*WHAT THE TASK REQUIRES:* Please give the whole listing again exactly, without any of its pictures.

MATERIAL PROVIDED START

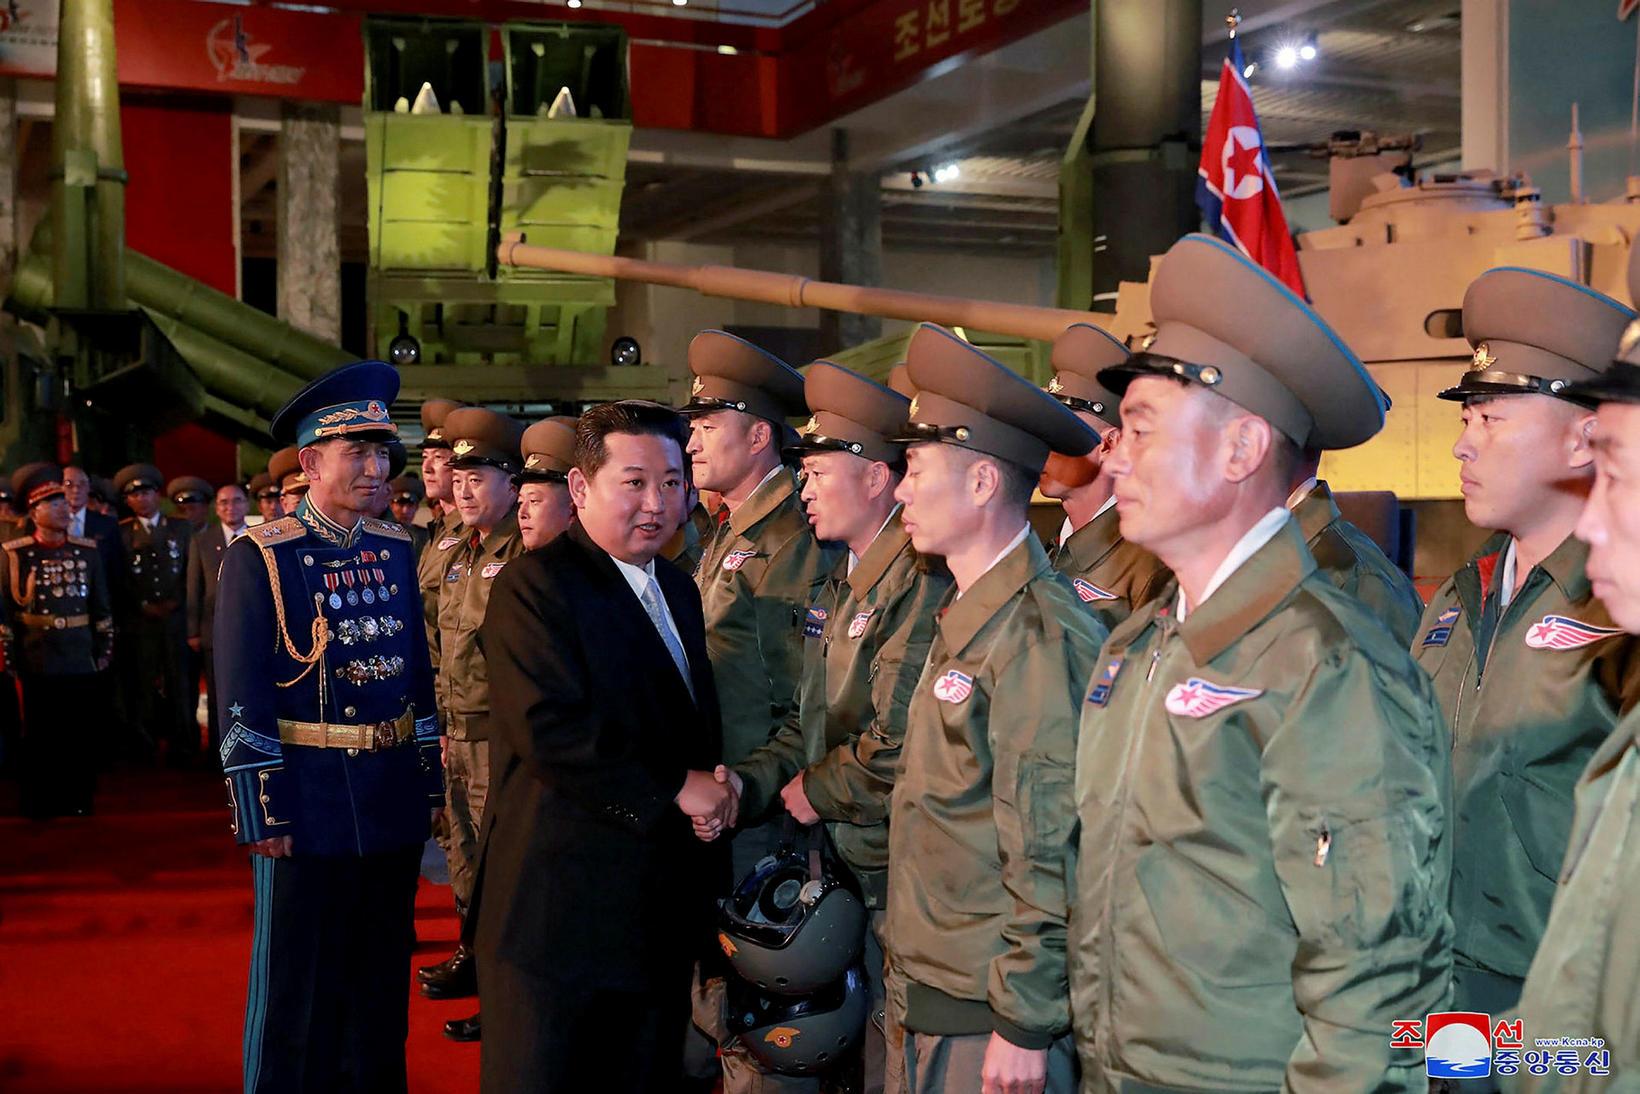 Kim Jong-un heilsar flugmönnum sem tóku þátt í hersýningunni.
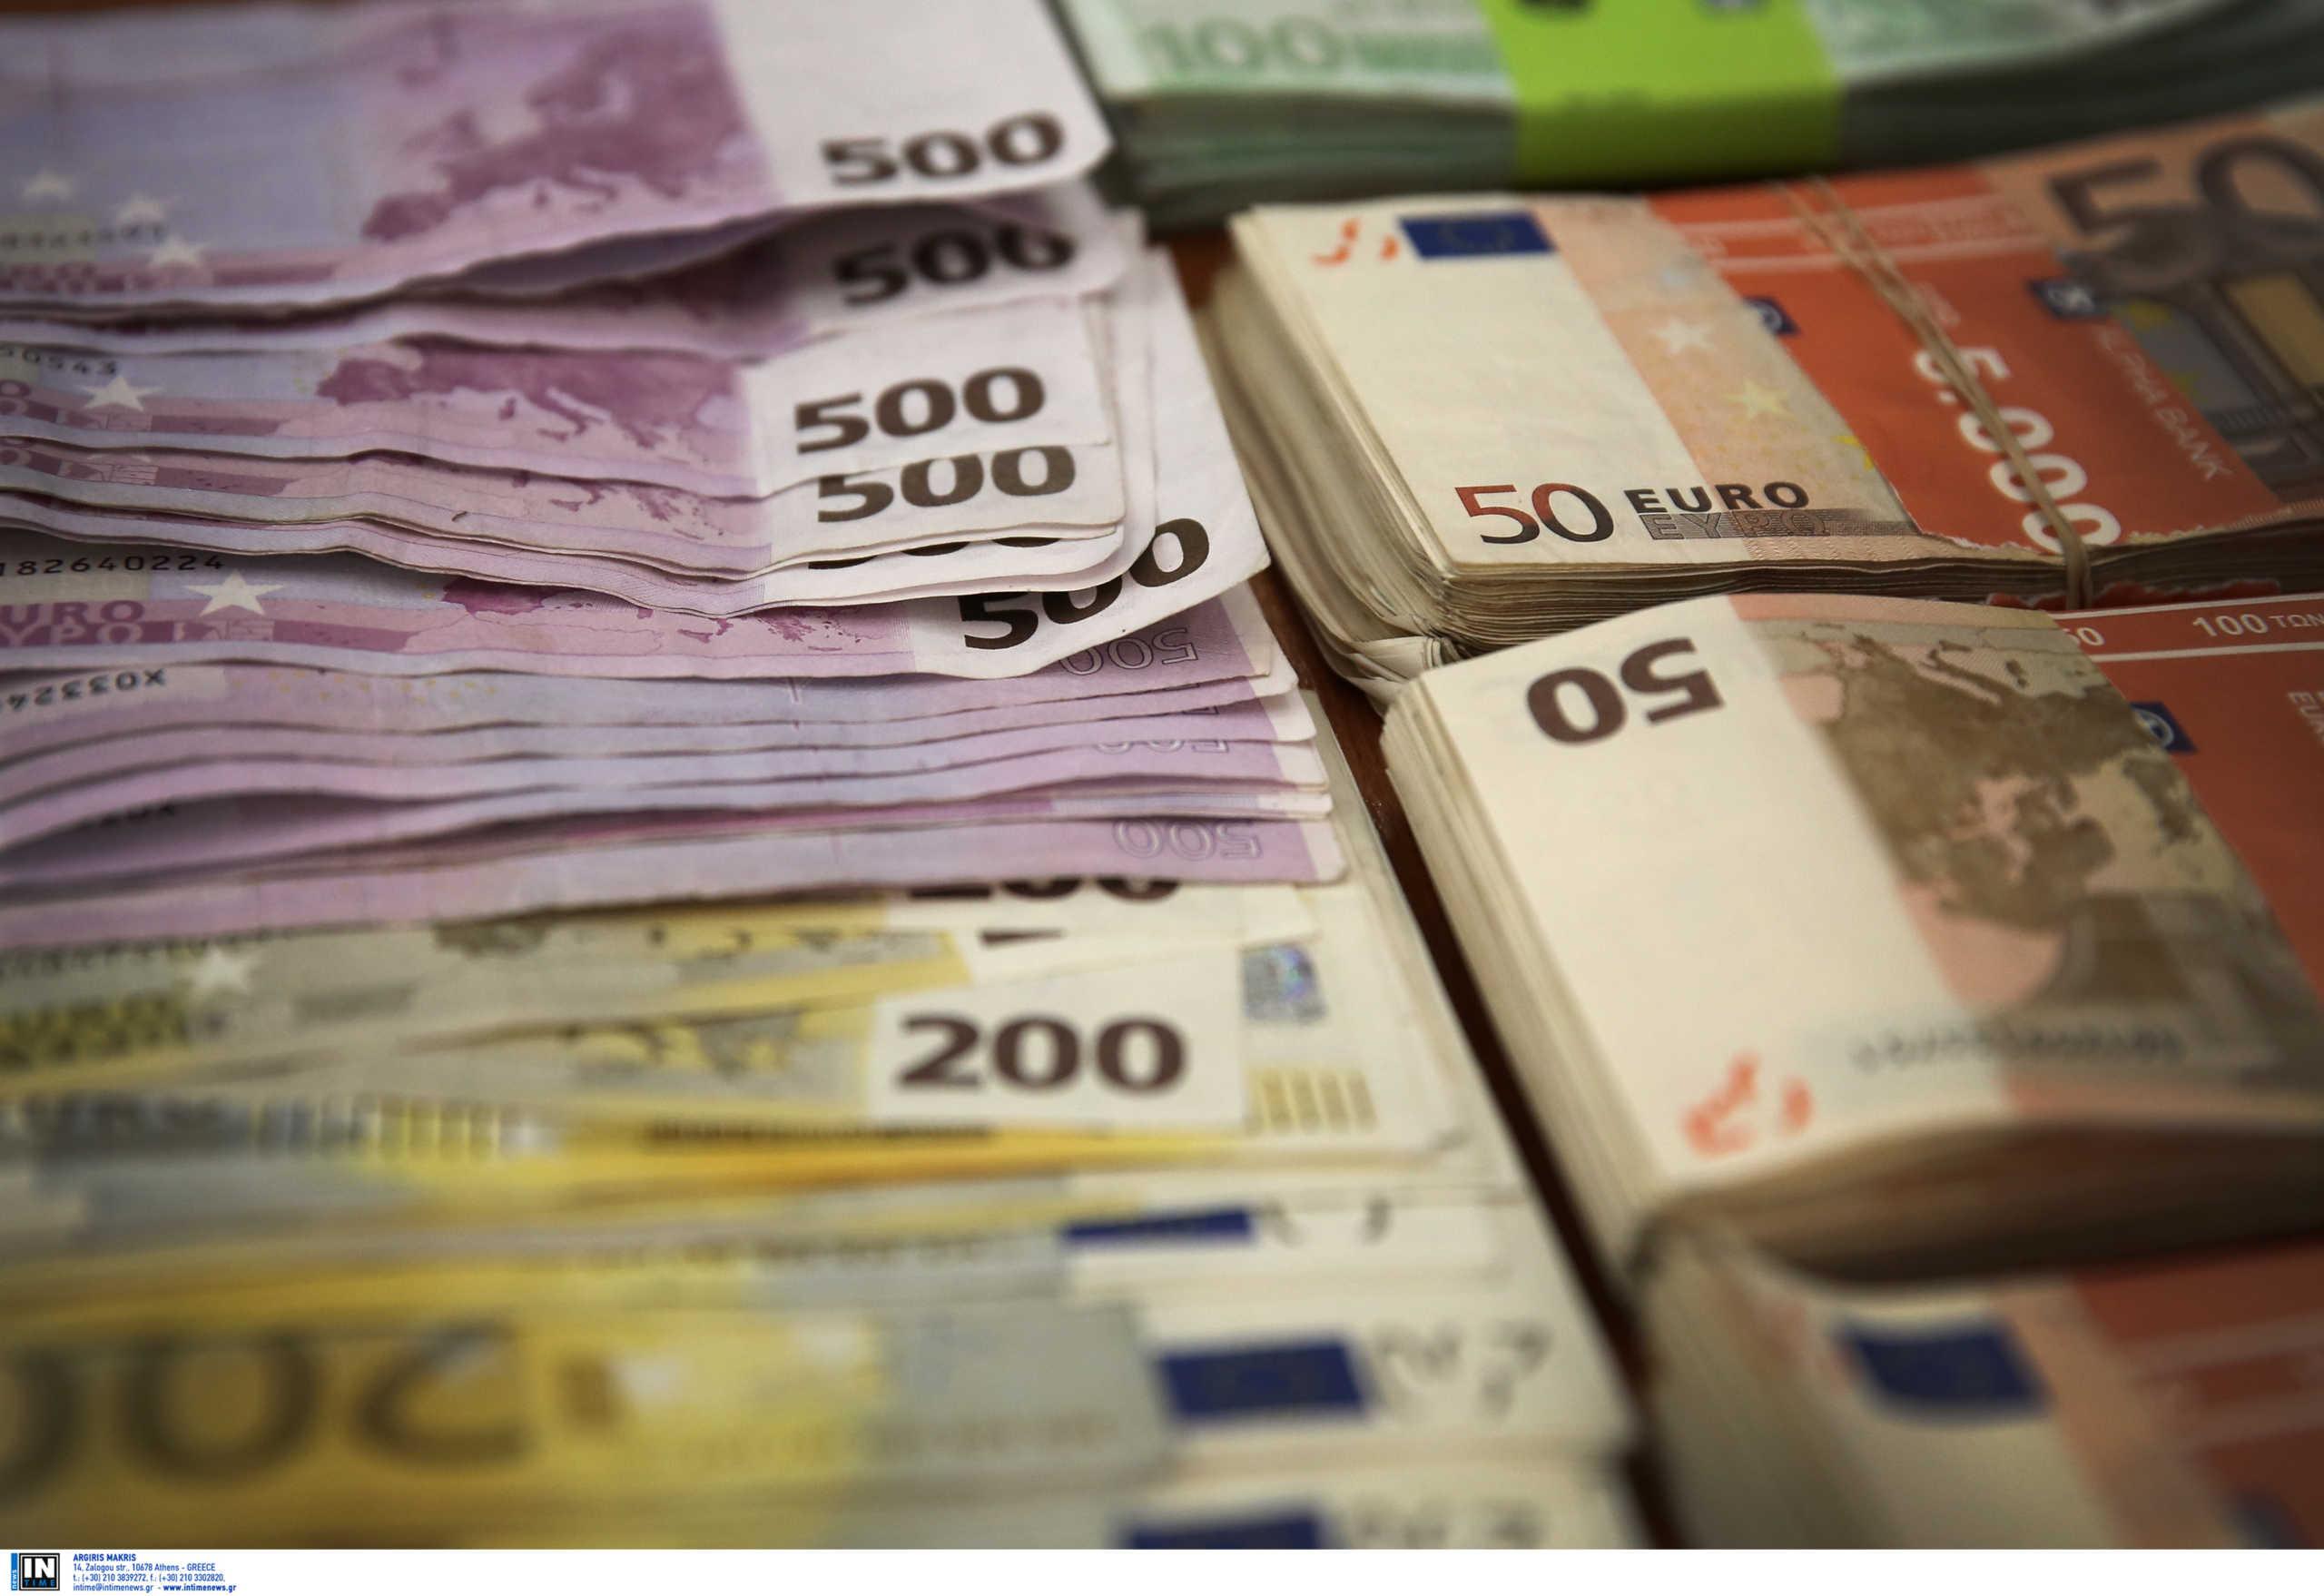 ΟΠΕΚΕΠΕ: Καταβολή 7,1 εκατ. ευρώ σε 3.745 δικαιούχους
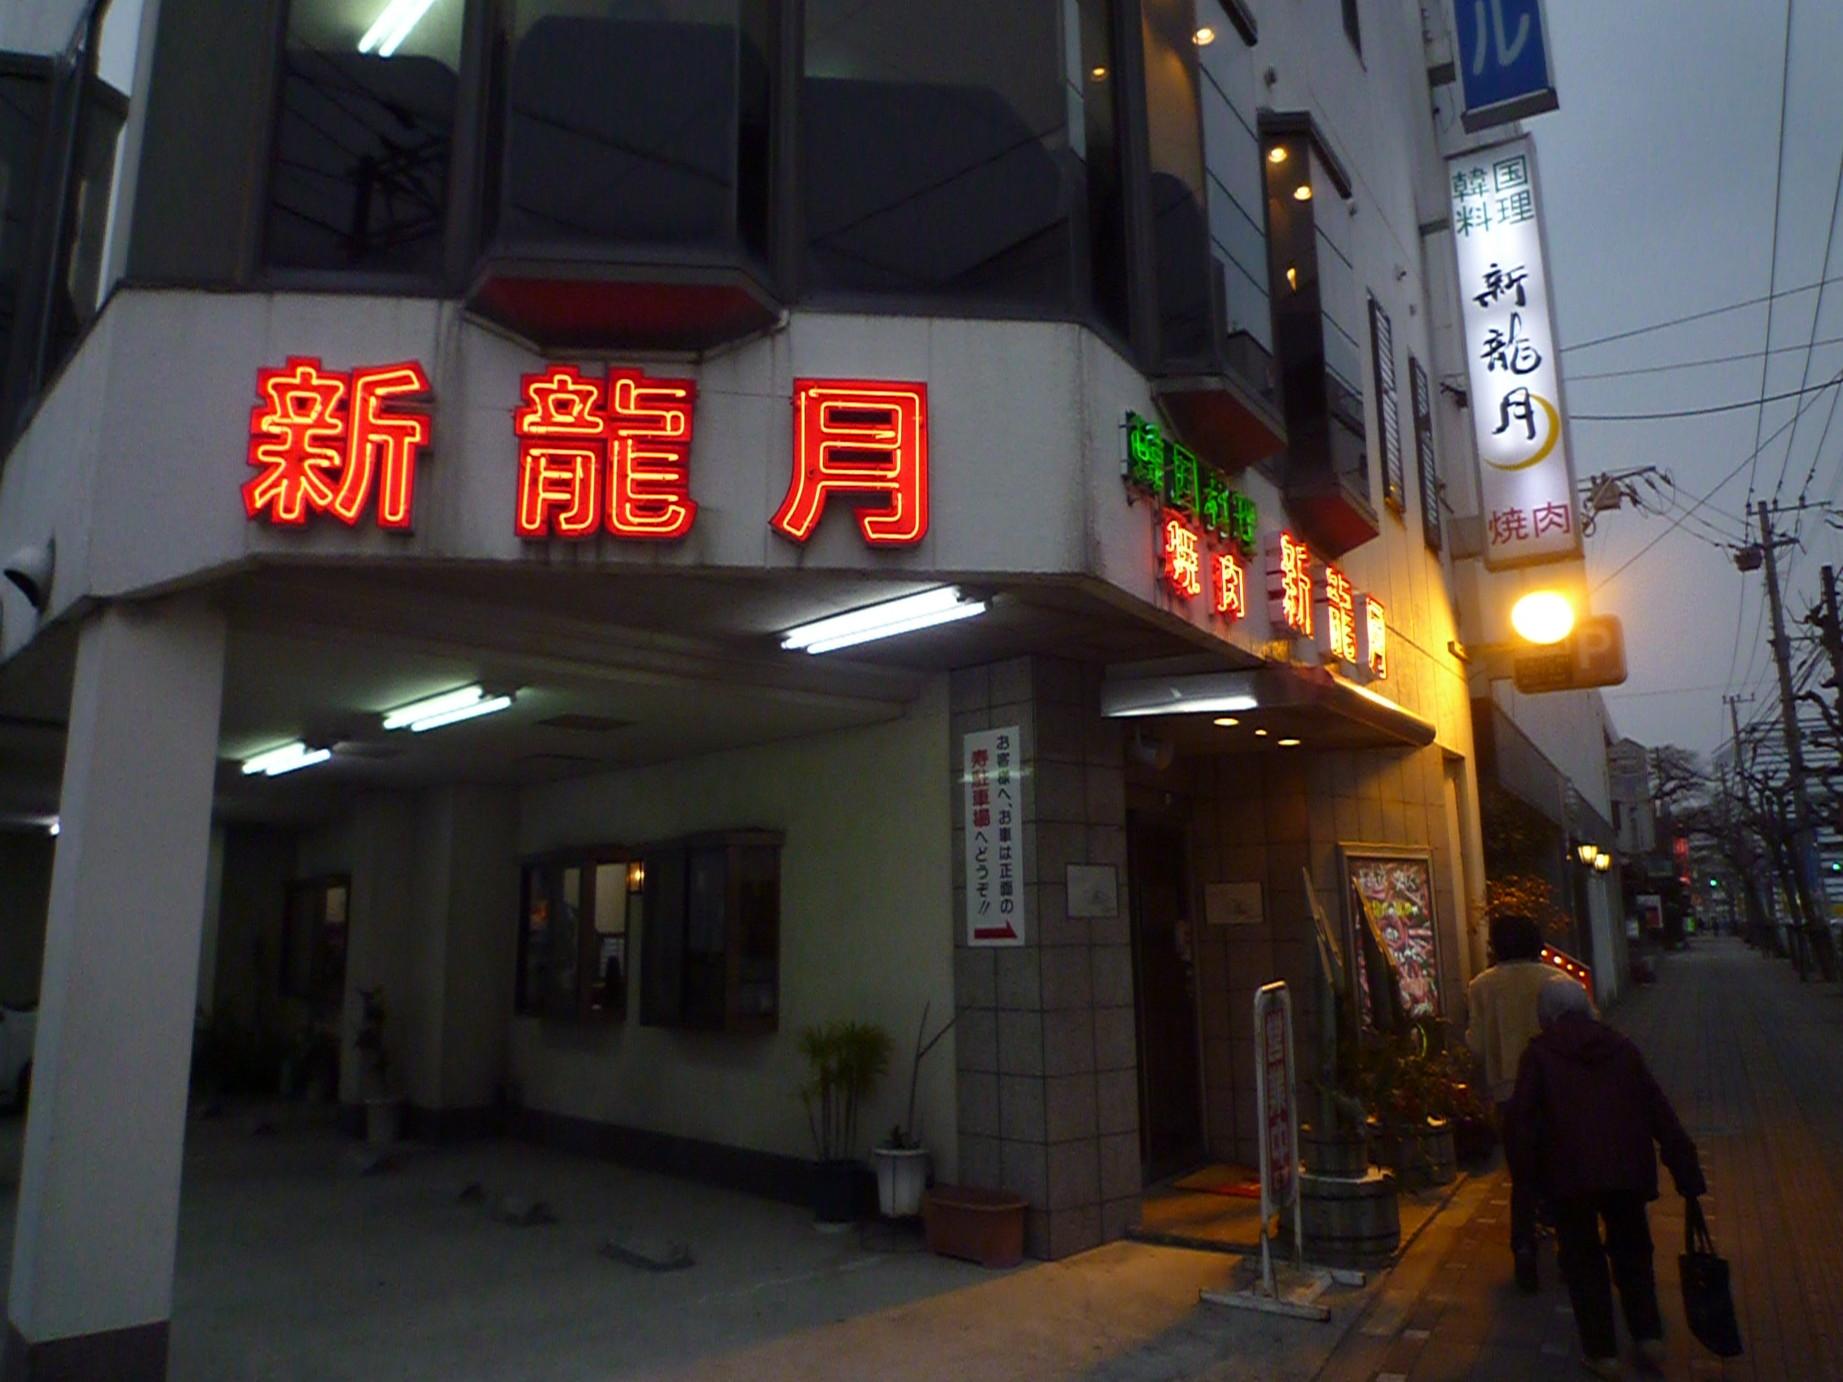 新龍月 久留米本店

MATERIAL PROVIDED END

*RESULT OF THE TASK:*
 Kim Jong-un heilsar flugmönnum sem tóku þátt í hersýningunni.
 ΟΠΕΚΕΠΕ: Καταβολή 7,1 εκατ. ευρώ σε 3.745 δικαιούχους
 新龍月 久留米本店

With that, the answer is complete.